I have had the same issues in my shop. Windows XP doesn't have a Power User group as NT did. Power user group kept people from being able to install anything they wanted.
Due to several legacy systems or programs I have on the network, I have to give people admin rights. I run Novell in my office. How I shut people out of doing things is with the user policy. The true admin policy in my container is for me only and this gives me full control to the pc. All others I make a policy that I may call Power User XP group. The users associated to that group get admin rights from this policy, but in that policy I drill down what I don't want them to do. The Power user group policy I have prevents users from having the ability to run regedit. I also locked down in the policy so people can't go in and change their resolution on their computer ( so many people mess with that and screw up the settings and they can't see anything after a reboot). When you go into control panel, they don't see the tab that includes resolution. There are other things policies will prevent users from doing. The choices are endless.
Still my big thing is this doesn't keep people from installing software on their machines. You can only drill down so tightly with policies. If too tight, the legacy programs you want them to use won't work.
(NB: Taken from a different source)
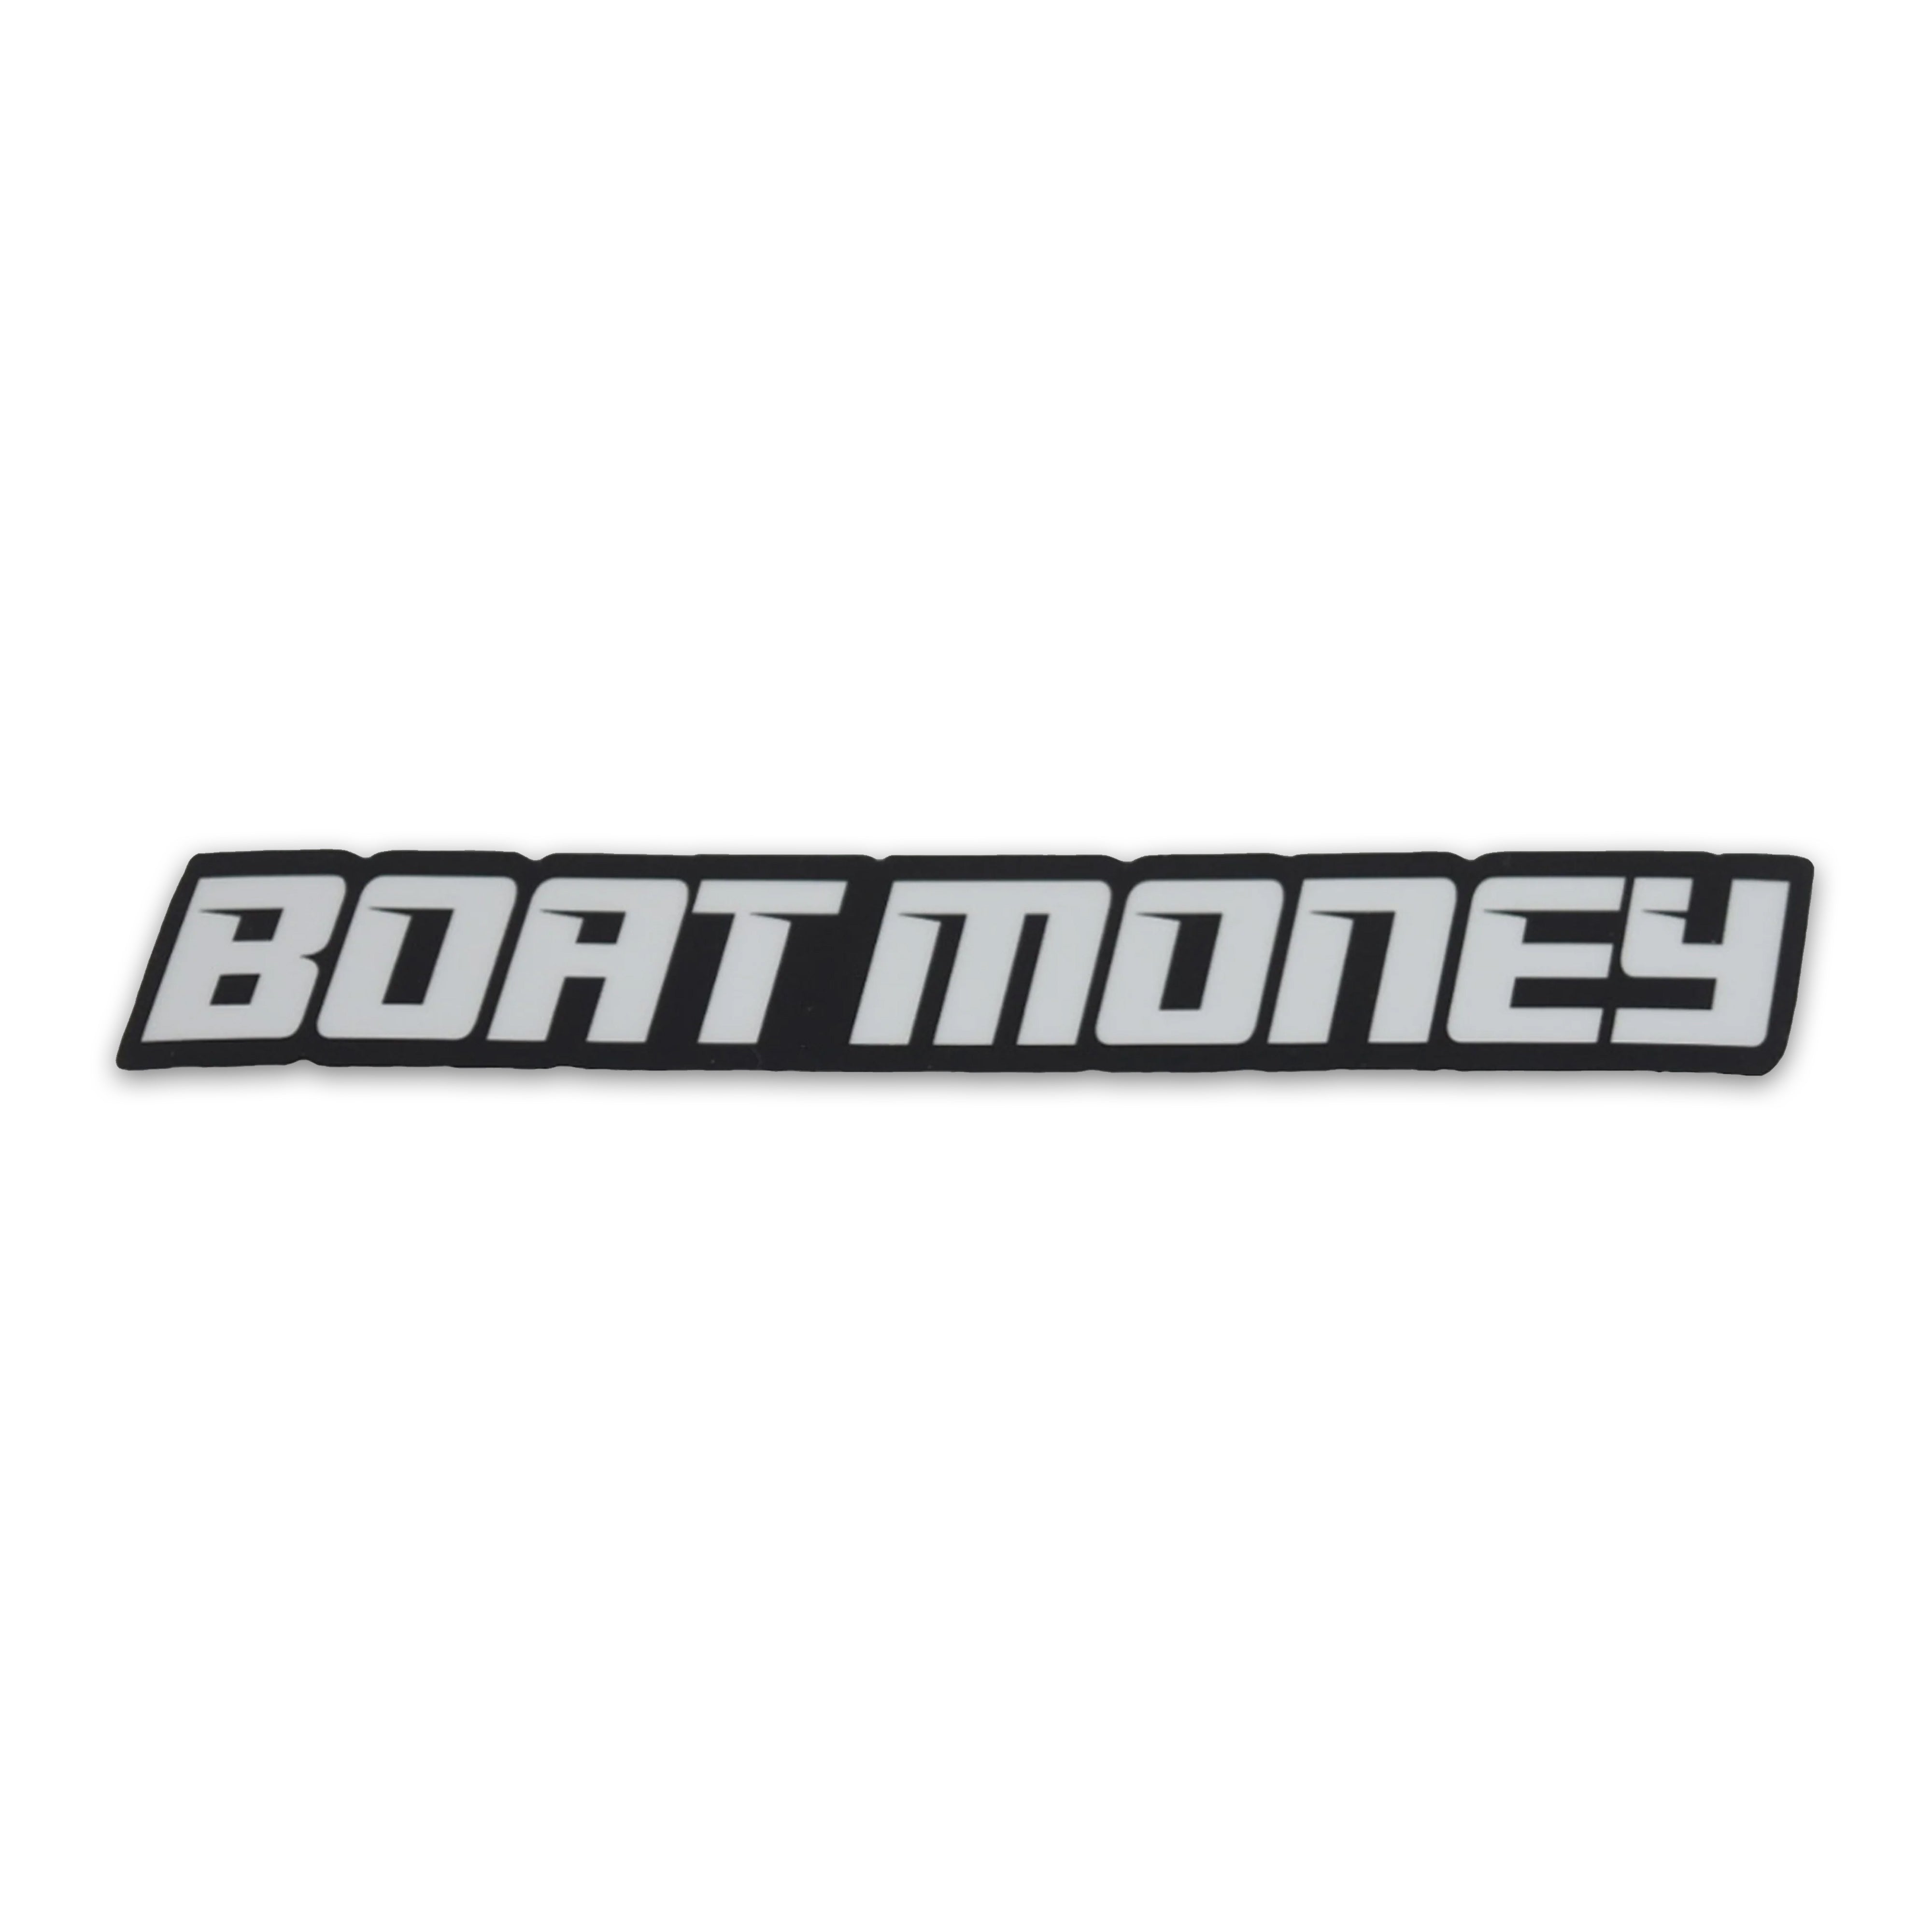 Hondaboats sticker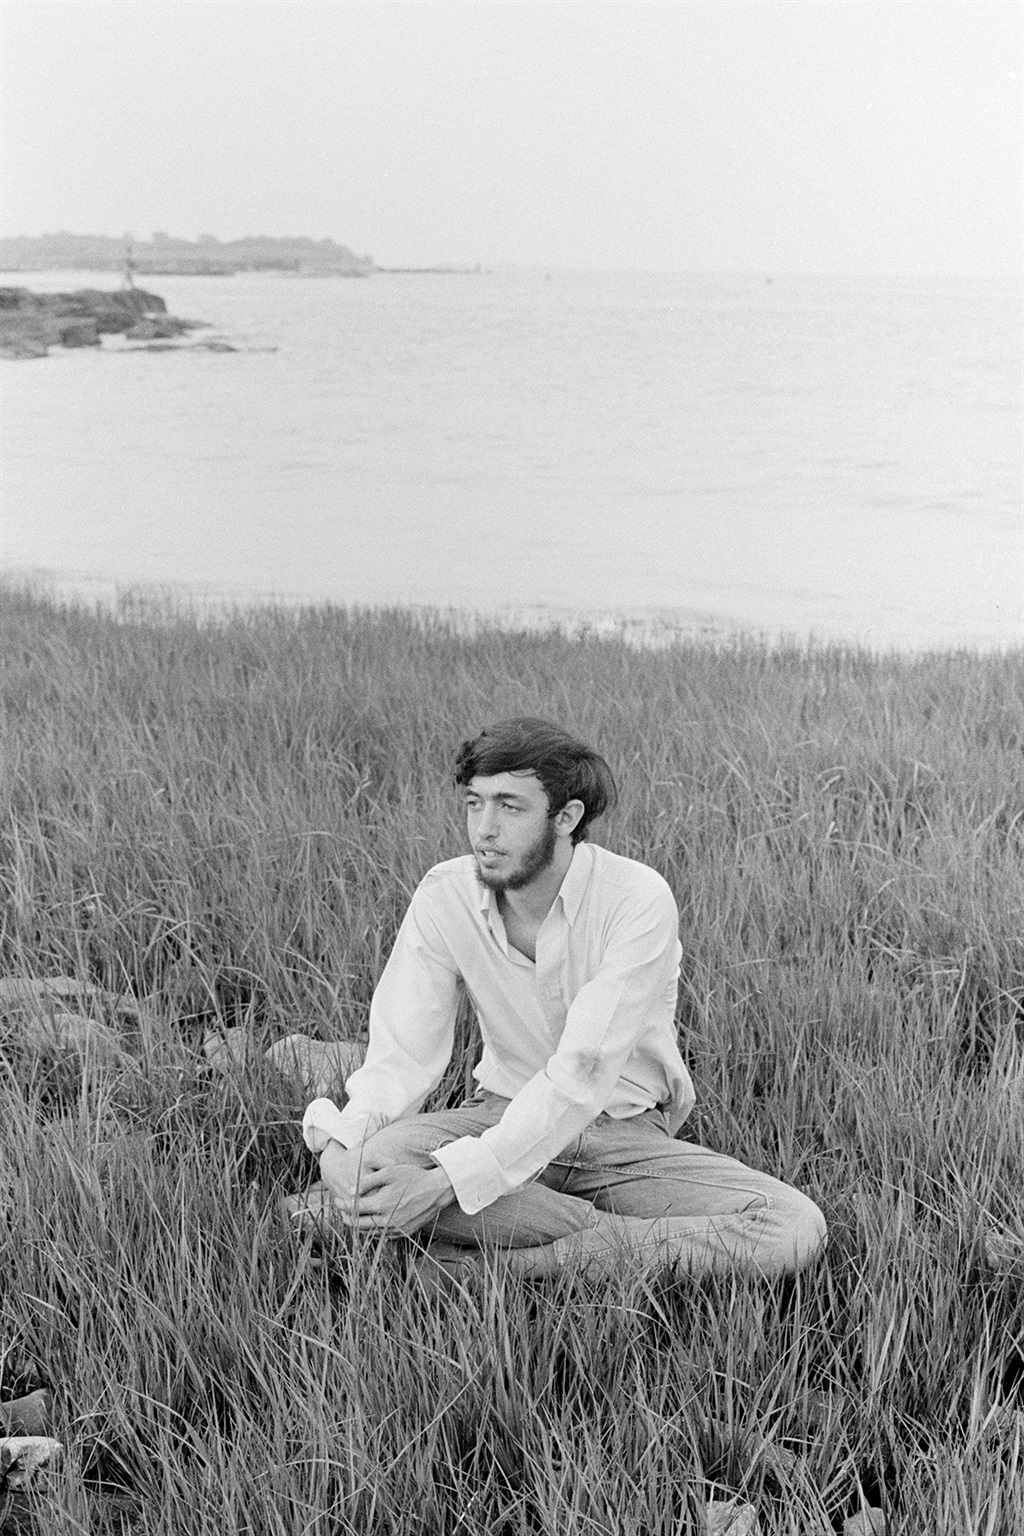 Roger aged eighteen, 1968. (Photo: Roger Ballen/ Supplied)

My company has a written policy about installing software on corporate equipment. My rule of thumb with the people I support is if you install a non-corporate software on your computer that messes it up, that pc will be reimaged so it is back to the corporate standards. If I can't save everything they had on the machine prior to me reimageing the workstation, this is a problem they made themselves because the policy has been addressed with them prior to installing the software.